Is the system rigged to ensure a two-party system? Yes, in fact it is. Electoral rules in the nation and Indiana essentially guarantee that we will have two parties. We of course haven’t always had (nor will we necessarily in the future have) these two parties. But we have two.

The political scientist in me takes comfort in the stability that arises from such a system. While I argue that our parties are so broad-based that there is room for everyone in their ranks, students often view this as watering down political values, limiting the arena for political debate, and preventing certain ideas from being heard at all.

They have a point. In a party in which organized labor, Southern whites, African-Americans and New England liberals can coexist (aka the New Deal coalition), what does it really mean to be a Democrat? Fundamentalist Christians and fiscal conservatives are equally strange bedfellows in the Republican Party.

If these young skeptics are correct, what is to be expected for the future of our politics? A third party? A fourth and fifth?

This is easy. There is no room in our political system for additional parties, since coming in second or third or fourth nets you exactly zero seats in Congress or the Indiana General Assembly.

Perhaps this explains the advent of the Tea Party and now Occupy Wall Street. Both are potential forces in Indiana politics. The effect of the Tea Party is already being felt here. Sen. Richard Lugar faces a Tea-Party-backed opponent in his upcoming primary. And Indianapolis has now been the location of an Occupy protest.

The name notwithstanding, neither of these forces is a party per se. While their goals differ, they have various things in common. They lack clear organizational structure. It is difficult to characterize what they actually stand for, and they lack a designated, widely agreed-upon leader.

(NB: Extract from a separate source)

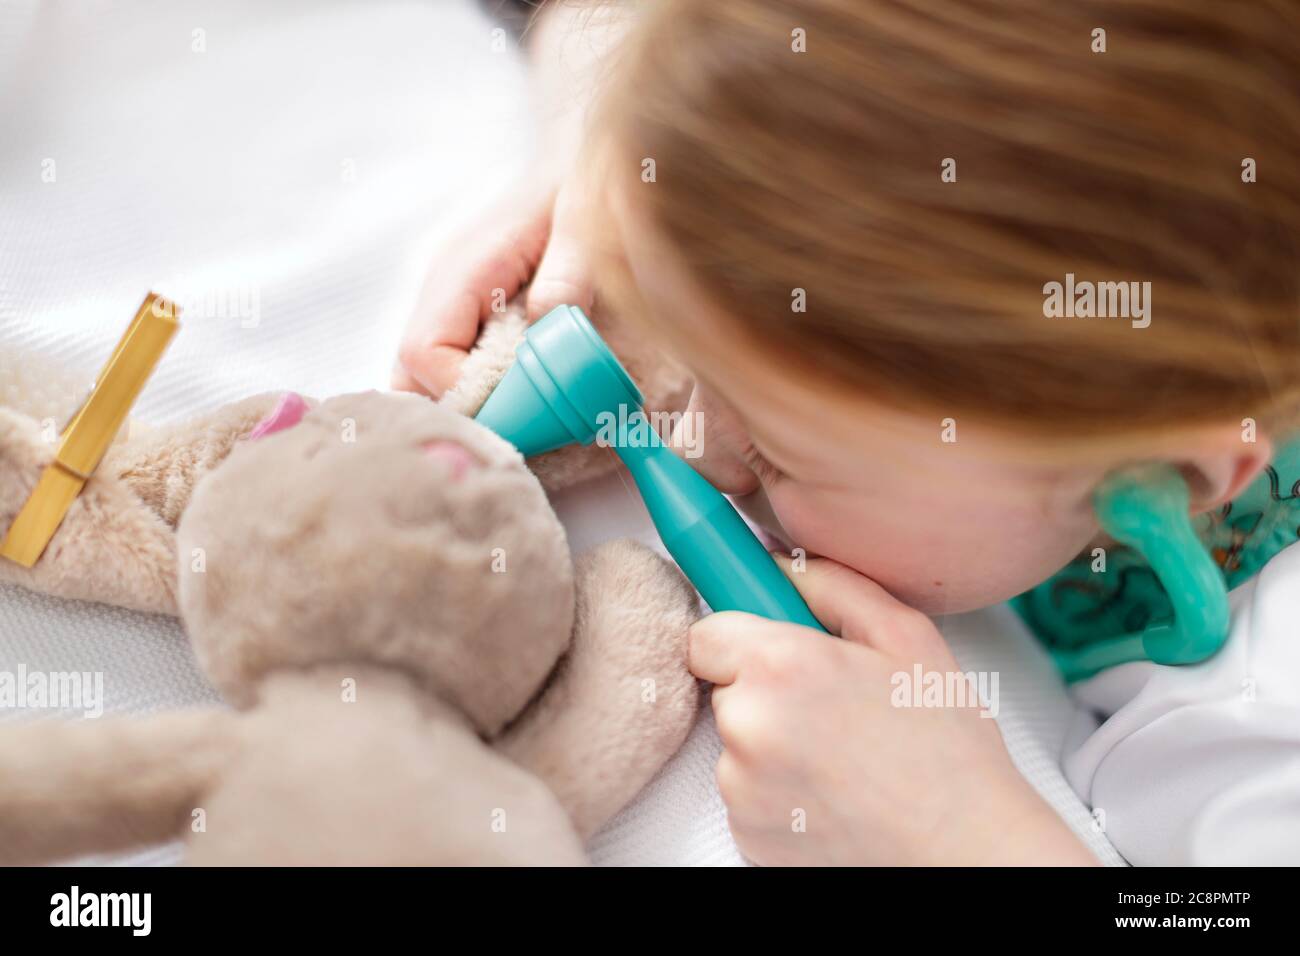 Junges Mädchen als Arzt gekleidet vorgibt Spielzeug Tier in Make-believe Krankenhaus Bett zu behandeln Stockfoto

But they aren’t necessarily a bad thing for our democracy. And they may change the shape of Indiana politics in the upcoming elections.

It remains to be seen if Occupy Indianapolis will become a political force in Indiana as the Tea Party movement has done. If it does, it will likely attempt to influence the choice of candidates within the Democratic Party much as the Tea Party has taken up residence (however uncomfortably) within the Republican Party.

I find myself (supporter of the two-party system that I am) a bit encouraged by the take-to-the-streets mentality of these movements. There is certainly precedent to predict that these movements might matter. The Civil Rights movement for African-Americans ultimately led to a reformulation of the national parties’ positions. The women’s movement similarly forced the parties to take positions on the rights of half the population.

People turn to movements when the establishment doesn’t seem to be listening. Granted, those who join movements are not necessarily representative of the “typical” American or Hoosier who, let’s face it, isn’t likely to camp out all night at the Statehouse for a cause. But they do give voice to those who feel disenfranchised.

Even if they get co-opted by the major parties and even if they cause the powers that be within those parties untold headaches, they are a sign that our democracy is alive and well. One hopes that they work to bring people together (as politics does at its best) rather than further dividing us.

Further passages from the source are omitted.